━━━ Entries shown

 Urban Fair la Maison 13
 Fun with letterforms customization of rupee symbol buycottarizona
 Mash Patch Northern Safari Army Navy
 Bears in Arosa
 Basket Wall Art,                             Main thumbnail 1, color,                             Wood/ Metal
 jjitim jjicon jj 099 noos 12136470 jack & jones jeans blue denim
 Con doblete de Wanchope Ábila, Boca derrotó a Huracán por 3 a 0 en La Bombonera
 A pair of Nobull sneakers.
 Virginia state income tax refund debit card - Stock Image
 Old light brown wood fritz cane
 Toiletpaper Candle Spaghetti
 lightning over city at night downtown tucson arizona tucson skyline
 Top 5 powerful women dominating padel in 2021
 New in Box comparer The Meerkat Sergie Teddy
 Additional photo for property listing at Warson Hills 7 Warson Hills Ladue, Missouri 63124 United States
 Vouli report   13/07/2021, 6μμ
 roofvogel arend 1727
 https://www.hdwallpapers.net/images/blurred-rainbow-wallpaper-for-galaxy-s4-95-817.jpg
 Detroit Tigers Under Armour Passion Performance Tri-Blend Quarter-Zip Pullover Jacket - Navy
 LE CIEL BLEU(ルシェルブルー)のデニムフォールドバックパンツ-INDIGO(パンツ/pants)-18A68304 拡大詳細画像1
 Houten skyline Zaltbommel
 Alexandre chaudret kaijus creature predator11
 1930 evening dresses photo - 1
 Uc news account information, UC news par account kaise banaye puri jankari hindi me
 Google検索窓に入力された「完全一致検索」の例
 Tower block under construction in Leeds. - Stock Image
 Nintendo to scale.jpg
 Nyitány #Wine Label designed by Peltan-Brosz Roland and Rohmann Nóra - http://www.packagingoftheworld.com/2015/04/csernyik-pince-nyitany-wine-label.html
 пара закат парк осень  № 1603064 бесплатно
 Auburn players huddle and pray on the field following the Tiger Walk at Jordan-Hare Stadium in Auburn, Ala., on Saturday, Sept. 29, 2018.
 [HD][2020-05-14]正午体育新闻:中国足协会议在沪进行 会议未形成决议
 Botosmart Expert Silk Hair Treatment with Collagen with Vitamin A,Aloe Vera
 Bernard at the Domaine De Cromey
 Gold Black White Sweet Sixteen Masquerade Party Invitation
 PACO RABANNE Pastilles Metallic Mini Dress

━━━━━━

(Work order): The response must contain exactly the lines from the one with "Gold Black White" through the last line of the material above, both ends included, and no others.

(Task response):
 Gold Black White Sweet Sixteen Masquerade Party Invitation
 PACO RABANNE Pastilles Metallic Mini Dress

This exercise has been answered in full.